*** Provided data ***

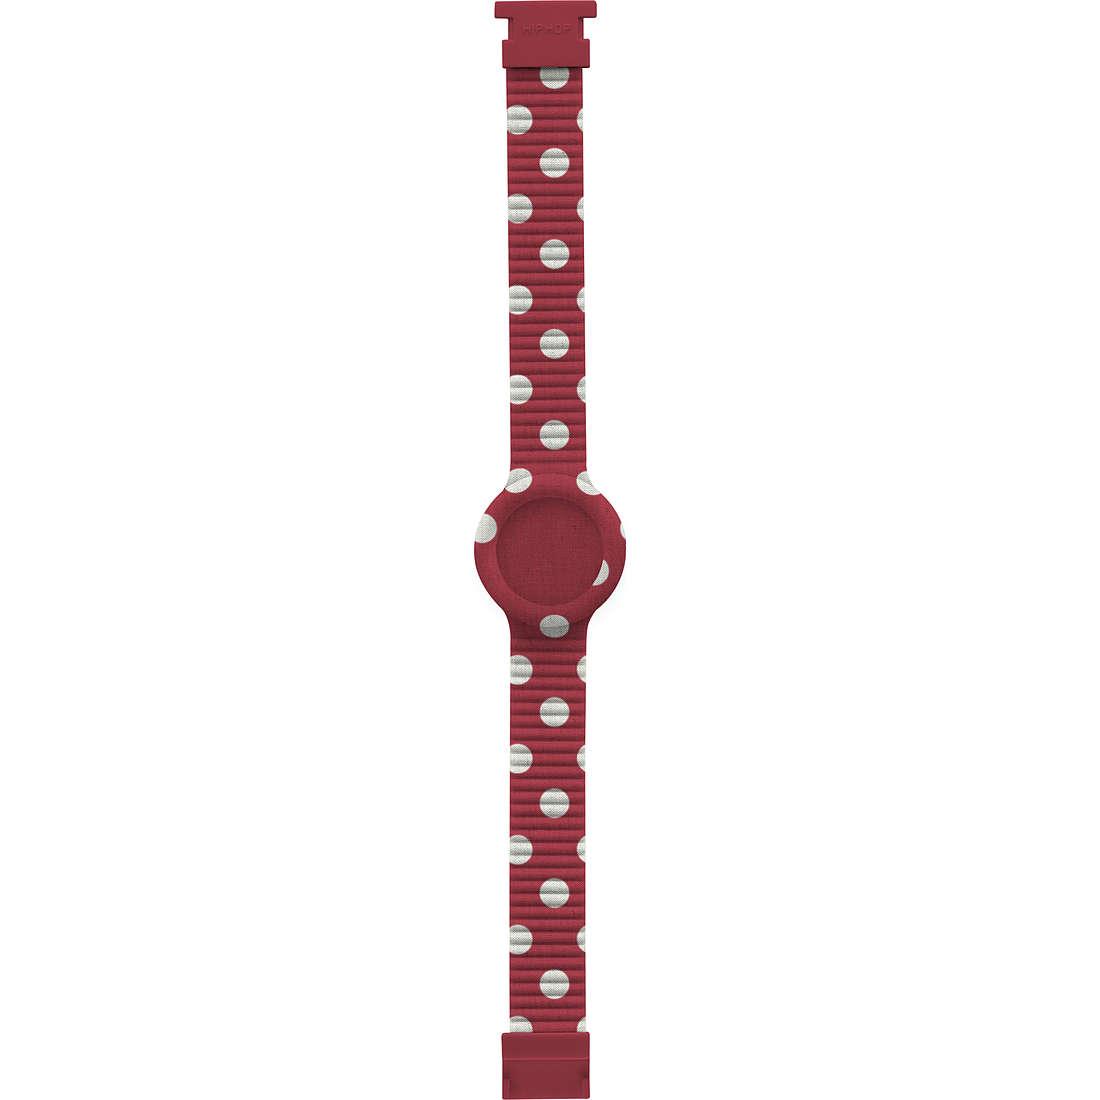 orologio accessorio donna Hip Hop Pois HBU0419
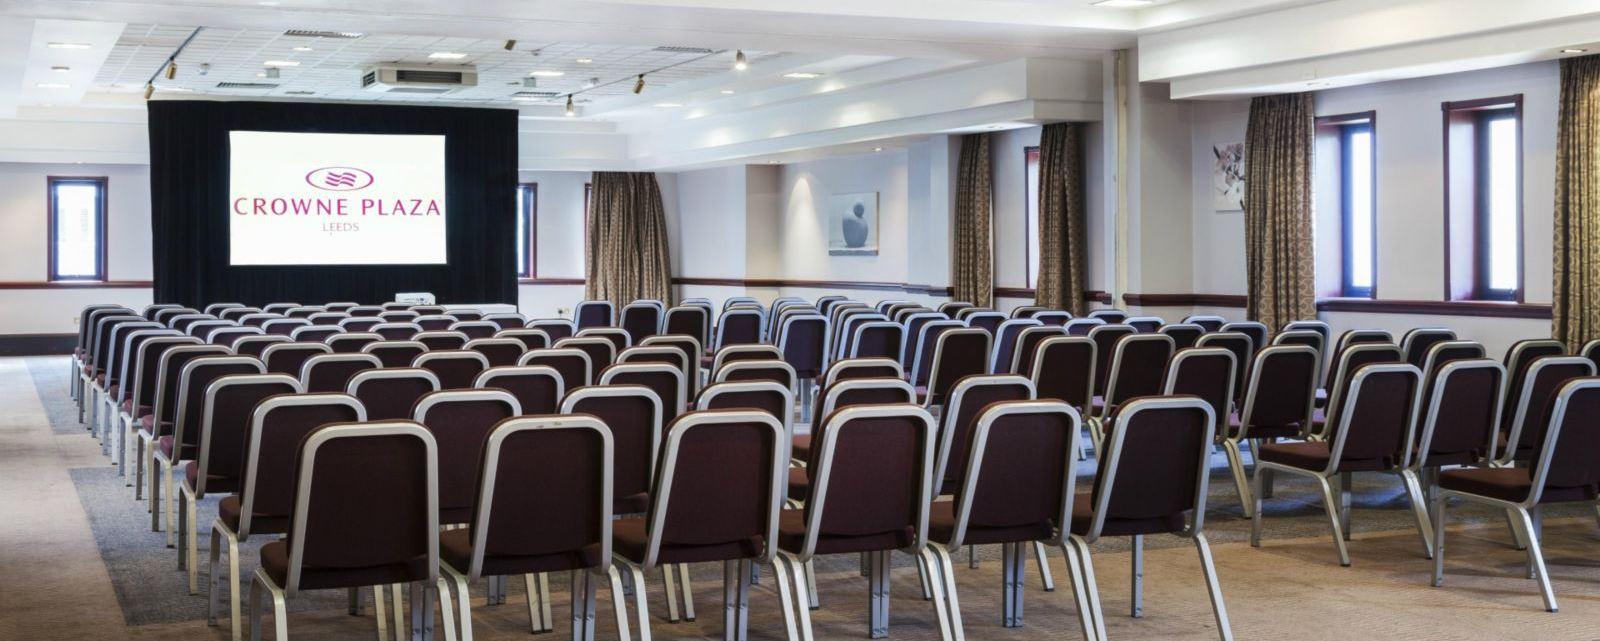 Crowne Plaza Leeds meeting rooms
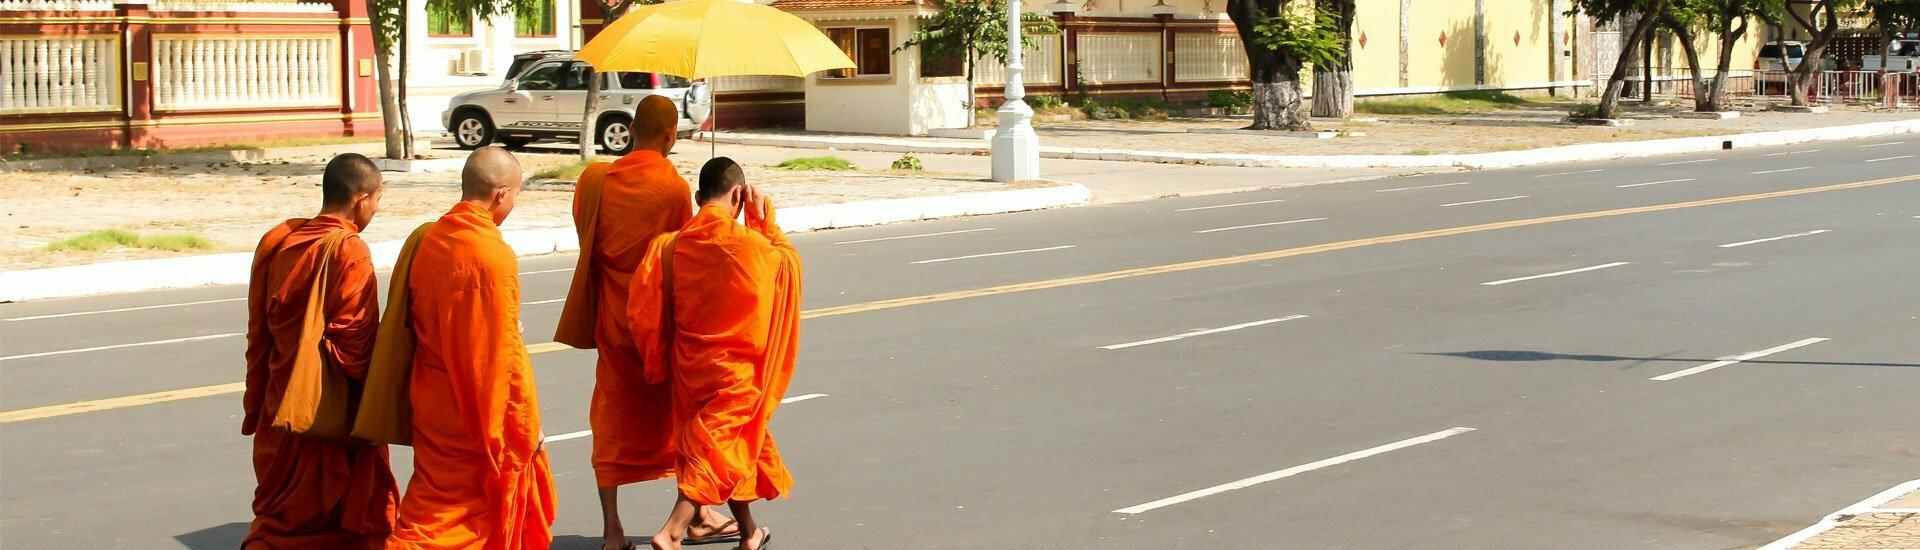 Les moines bouddhistes au Cambodge
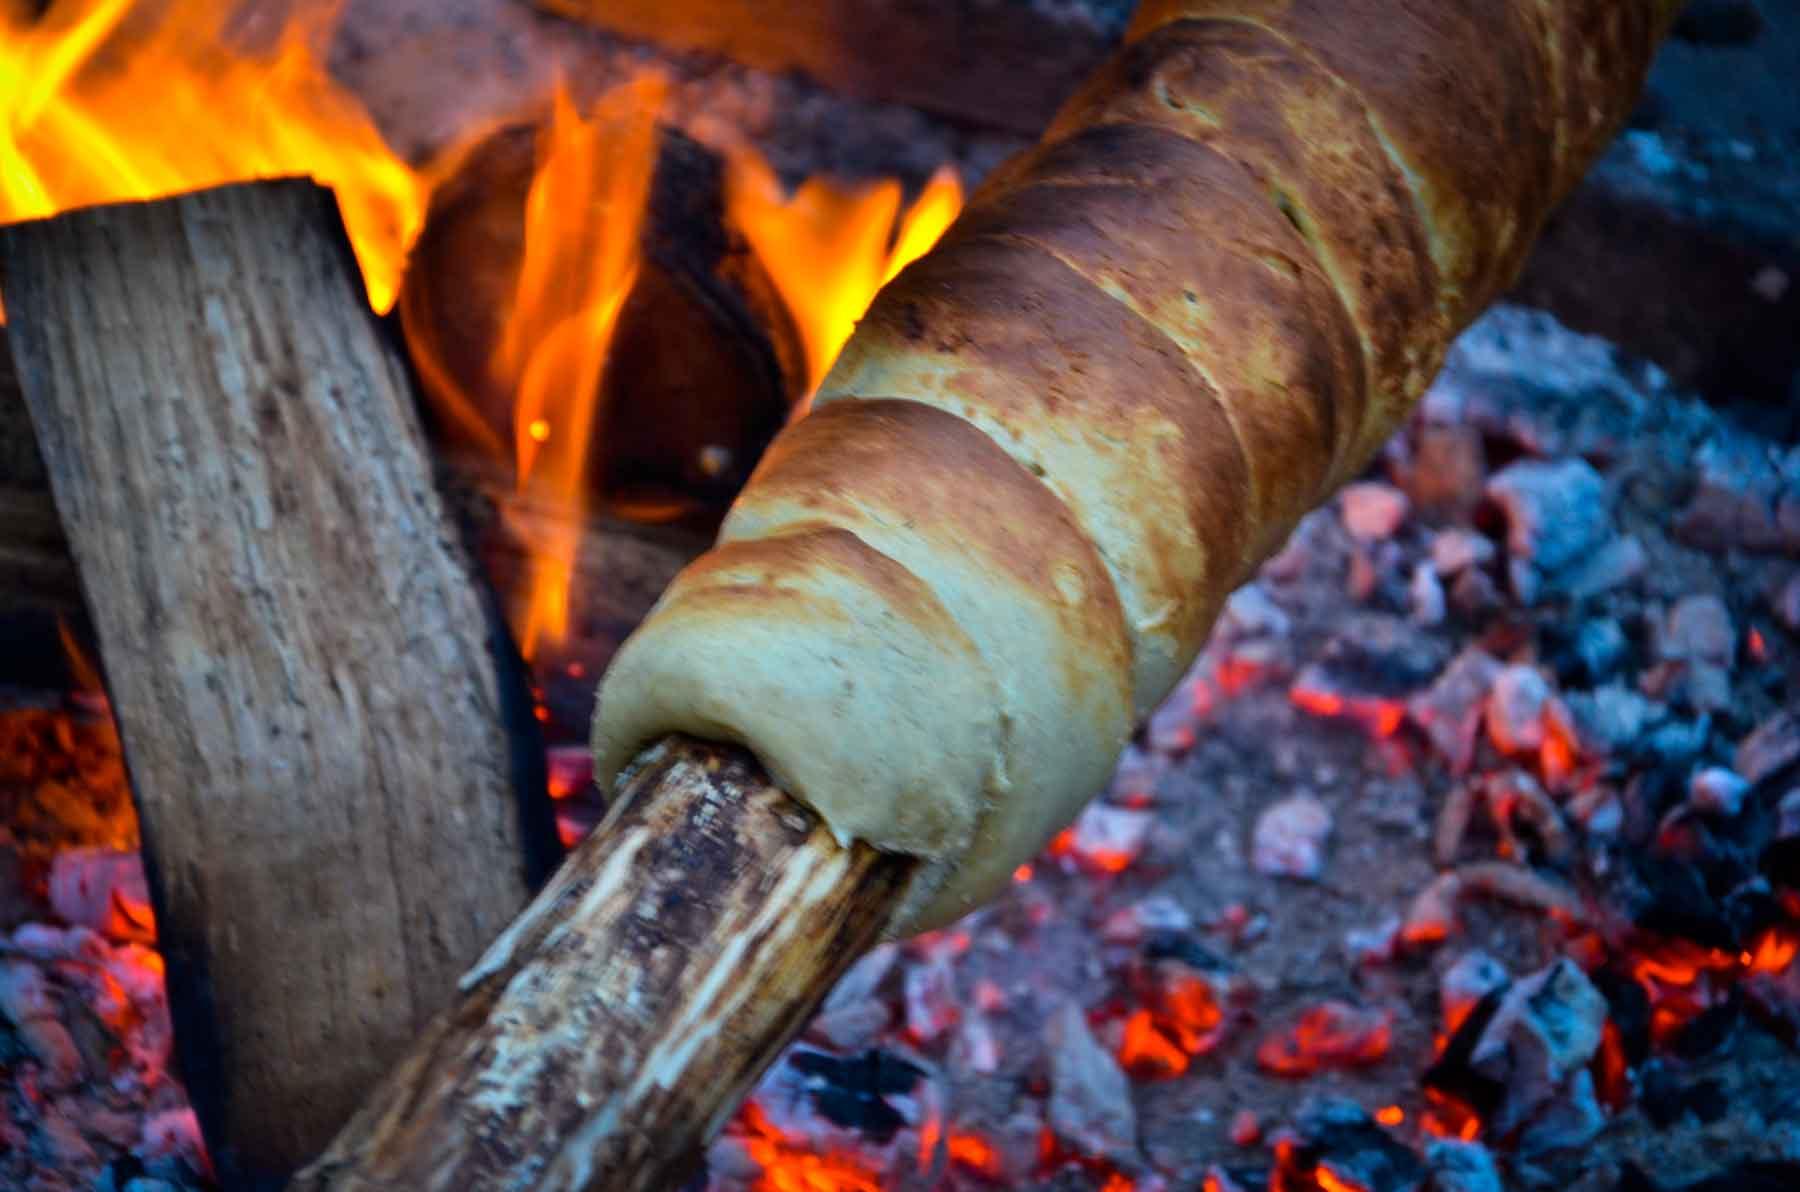 Lagerfeuer Kochen Baumstriezel

*** End of Provided data ***

Problem description:
Quote the material in full and exactly; do not carry over its pictures.

Exercise result:
 orologio accessorio donna Hip Hop Pois HBU0419
 Crowne Plaza Leeds meeting rooms
 Les moines bouddhistes au Cambodge
 Lagerfeuer Kochen Baumstriezel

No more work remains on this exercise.